Pindar was born at Thebes in Bæotia, about 521 years before Christ, and is distinguished at the “great father of lyric poetry.” He was early trained to music and poetry under Myrtis, a woman distinguished for her talents, and soon acquired a considerable reputation. Although five times vanquished in poetic contests with Corinna, a poetess of Tanagra, near Thebes, and who was also a pupil of Myrtis, he gained the prize at the olympic games, and was crowned in the presence of assembled Greece. His odes, which are all that remain of his writings, are much admired for “sublimity of sentiment, grandeur of expression, energy and magnificence of style, boldness of metaphor, harmony of numbers, and elegance of diction." Horace compares him to a river swollen by sudden rains overflowing its banks.

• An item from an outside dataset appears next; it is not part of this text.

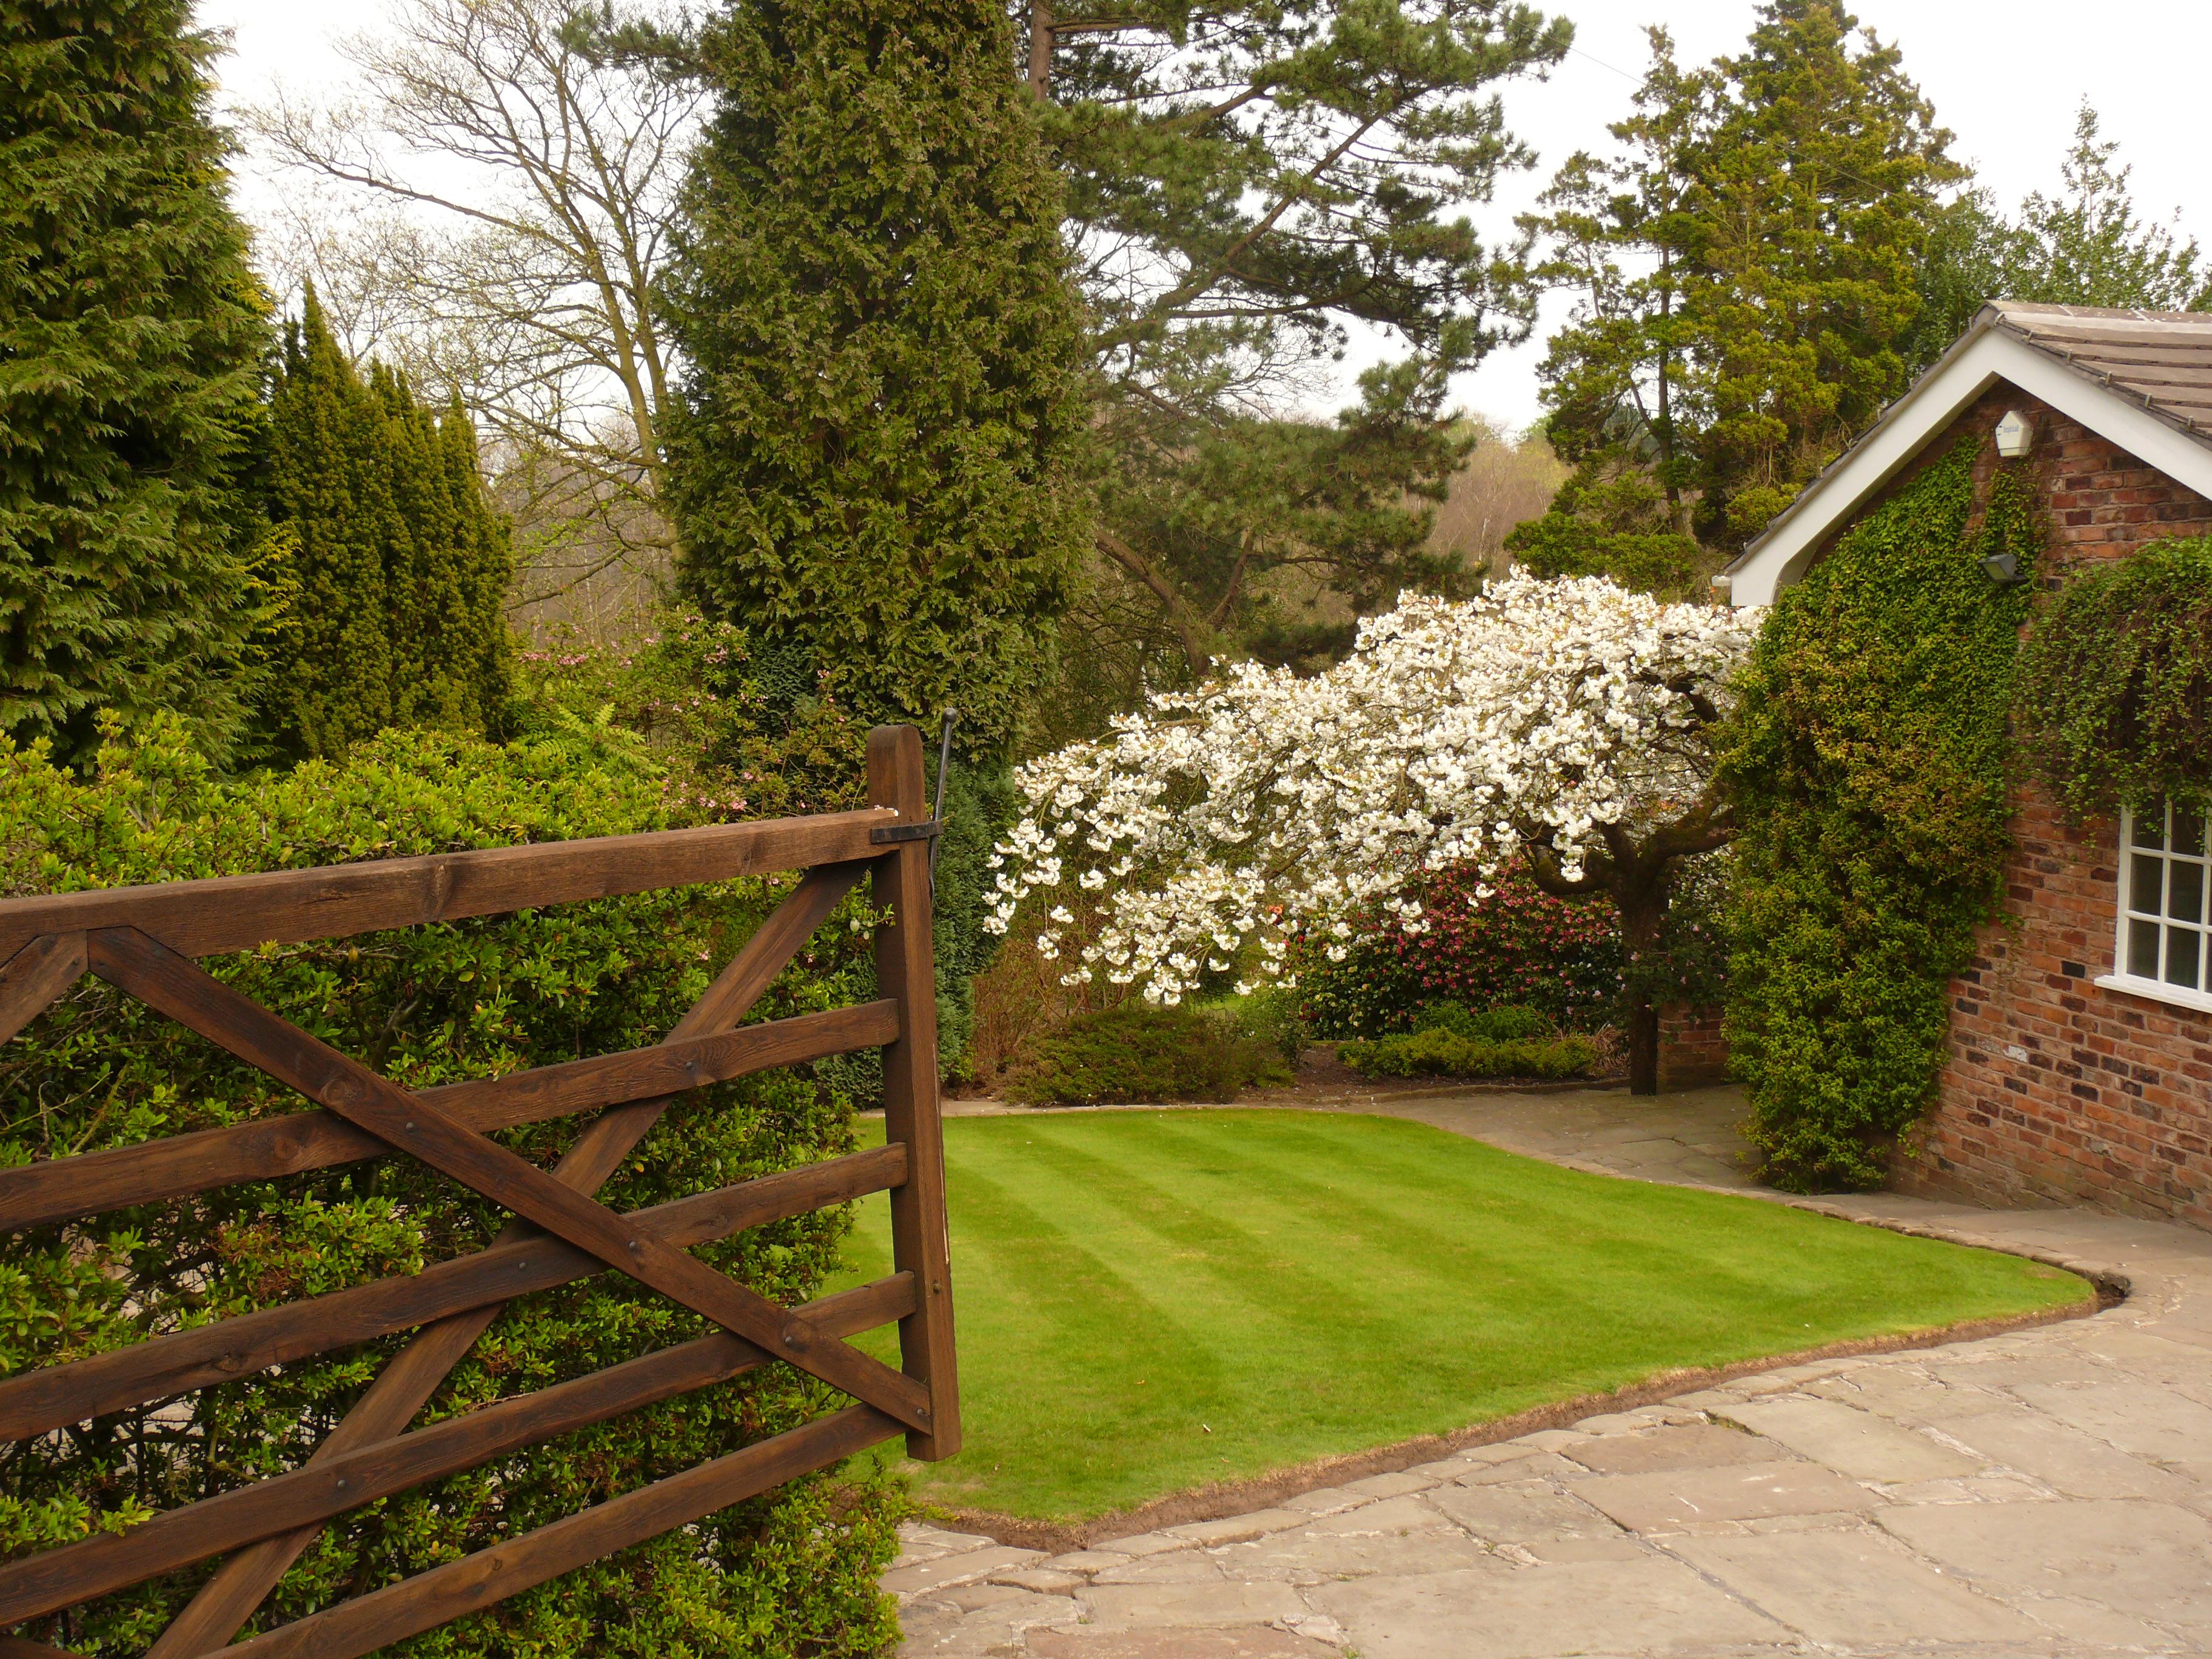 Garden Maintenance Staffordshire and Cheshire

Travels of Anach, vol. VI. 153, Lon. ed.

Monte decurrens velut amnis, imbres
Quem super notas aluere ripas,
Fervet, immensusque ruit profundo

Pindarus ore.

Lib. 4. Car. 2

As when a river, swollen by sudden showers,
O'er it known banks, from some steep mountain pours,
So in profound, immeasurable song,
The deep mouth'd Pindar, foaming, pours along.

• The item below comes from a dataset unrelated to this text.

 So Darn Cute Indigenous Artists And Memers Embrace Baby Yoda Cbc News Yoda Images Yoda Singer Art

Pindar owed his fame principally to the hymns he composed in honor of the gods, or to celebrate the triumph of the victors in the public games. They were repeated before the most

crowded assemblies in the temples of Greece, and always re**ceived with enthusiasm. After the death of Pindar, à statue

was erected to him in the most public place of Thebes, and at the celebration of one of the Grecian festivals, a portion of the victim which had been offered in sacrifice, was reserved for his descendants. Alexander the great, out of respect to the poet, preserved the house which he had inhabited, and reduced the rest of the city of Thebes to ashes. Thus did the pride of victory render homage to the superiority of genius.

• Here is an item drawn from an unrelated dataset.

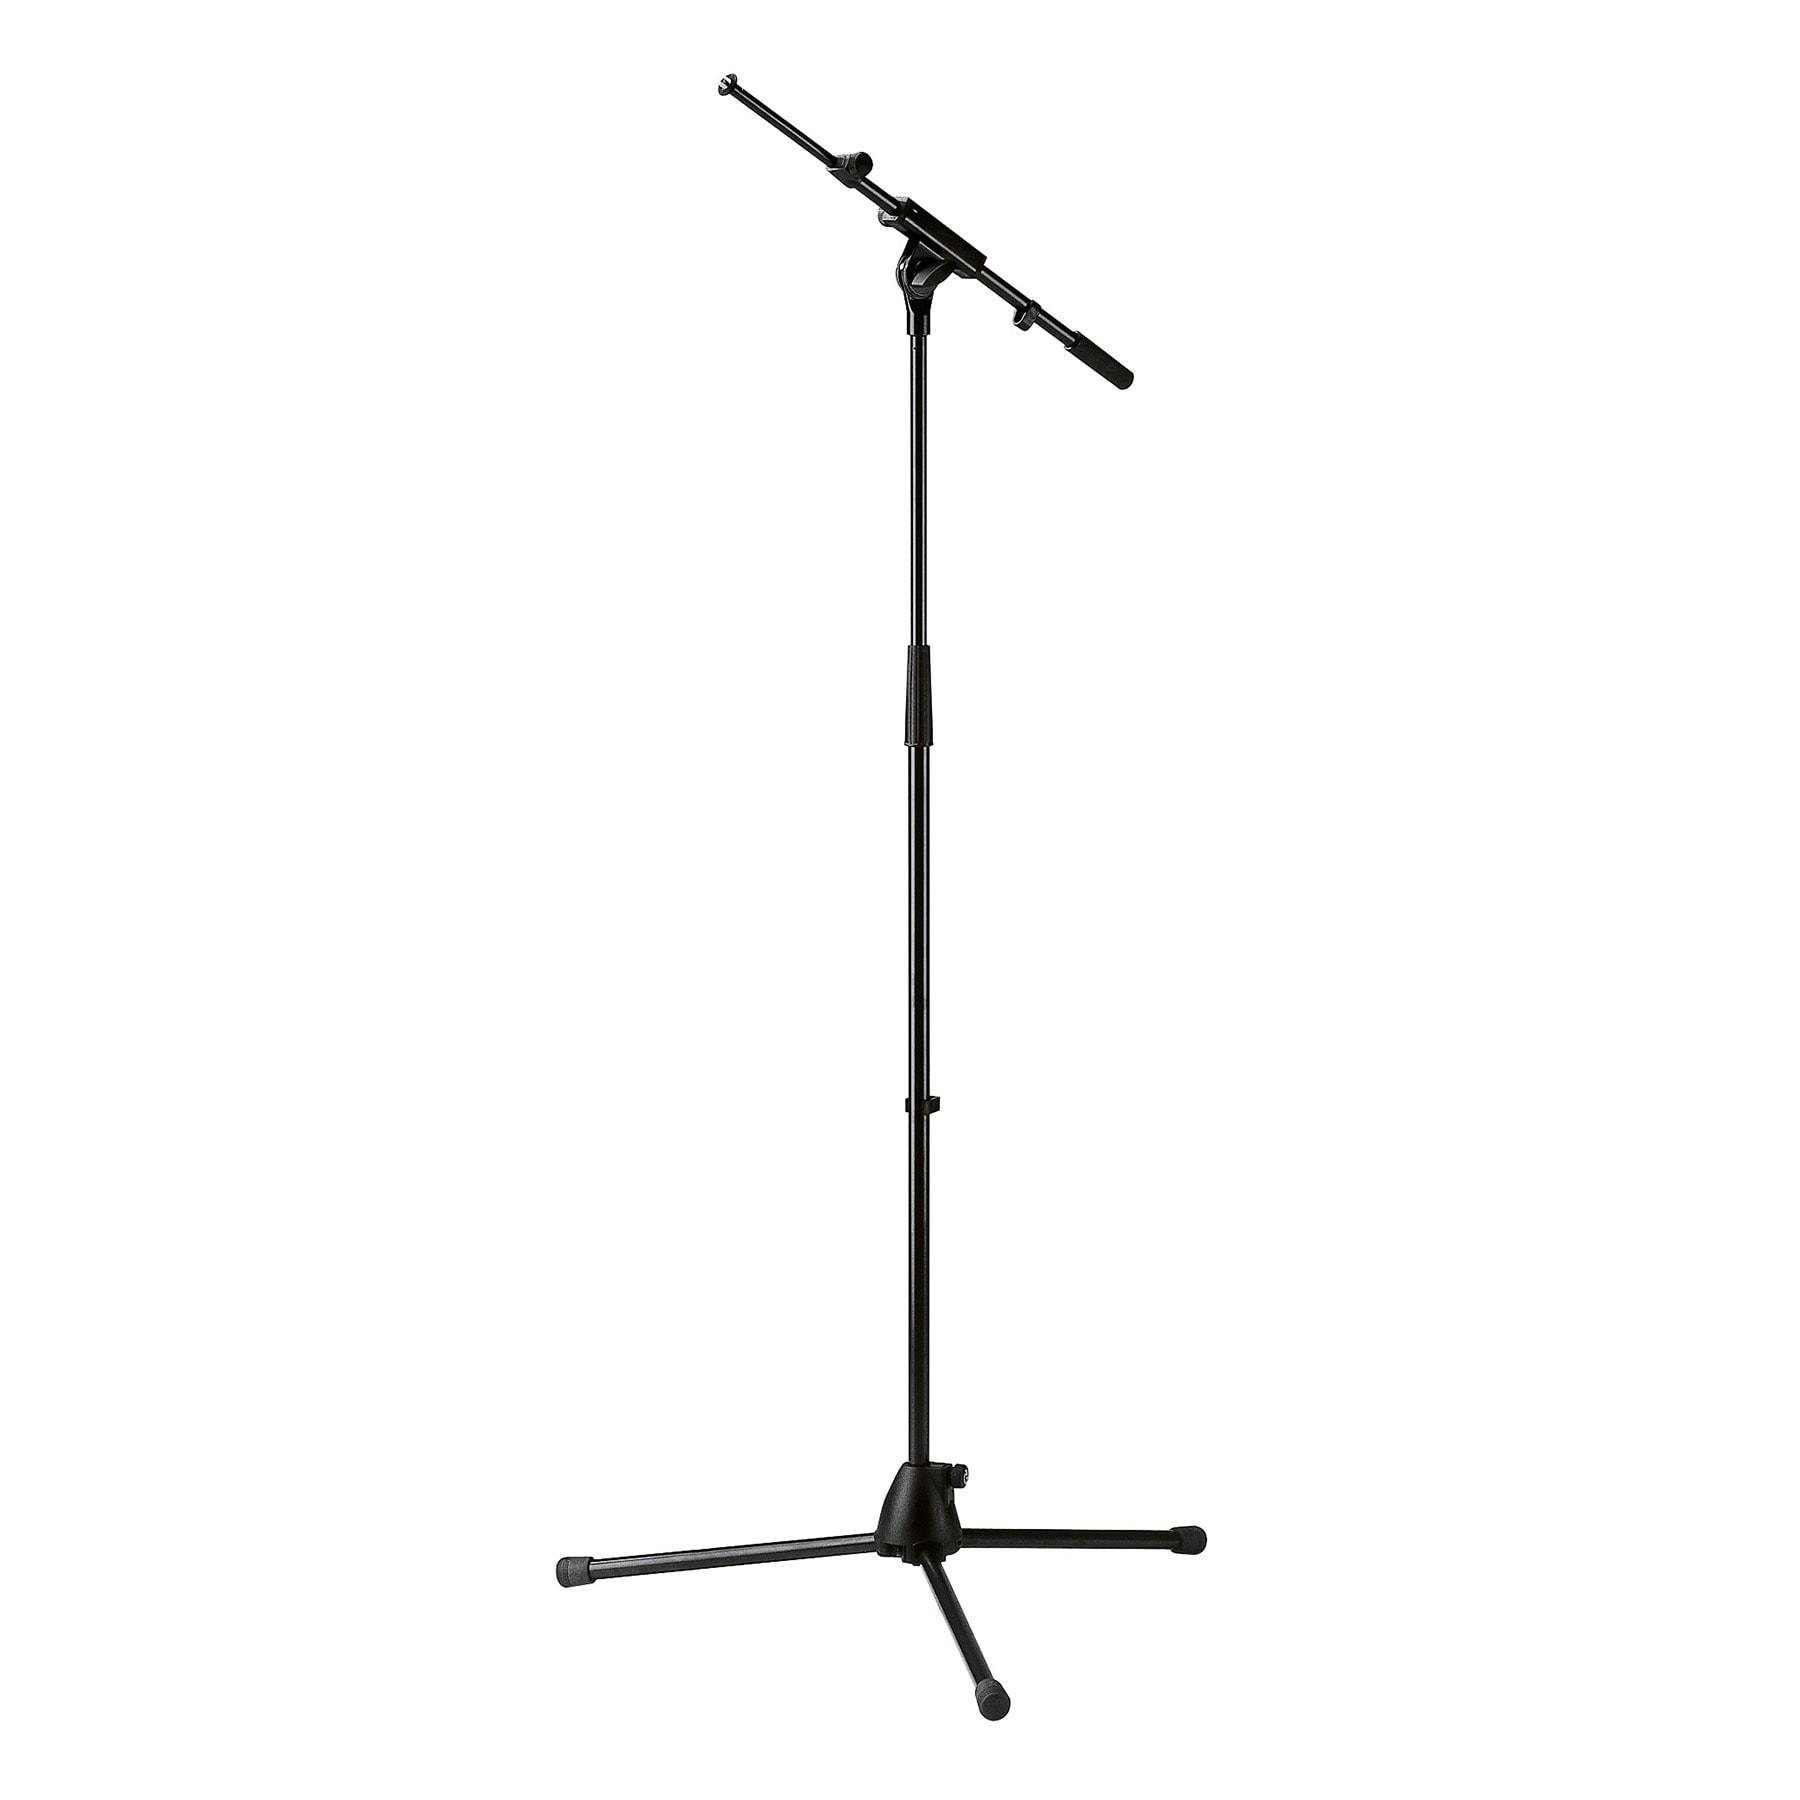 KM27195 - Microphone stand

Pindar enjoyed the friendship of, and was patronised by, Theron of Agrigentum, and Hiero of Syracuse. They were two of the most celebrated and munificent princes of the age, and were distinguished for their liberality towards learned men. Pindar took frequent occasion to celebrate their praises in lofty strains, Of Theron he speaks as follows:

Ye choral hymns, harmonious lays,

Sweet rulers of the Lyric string!
What god, what hero's godlike praise,

What mortal shall we sing?
With Jove, with Pisa's guardian god
Begin, Omuse, the Olympic ode.

Alcides, Jove's heroic son,

The second honor claims;
Who offering up the spoils from Augeas won,

Establish'd to his sire the Olympic games;
When, bright in wreaths of conquest, Theron shone.

Then of victorious Theron sing,
Of Theron, hospitable, just and great!

Fam'd Agrigentum's honor'd king,
The prop and bulwark of the state;

A righteous prince! whose flowering virtues grace,
The venerable stem of his illustrious race.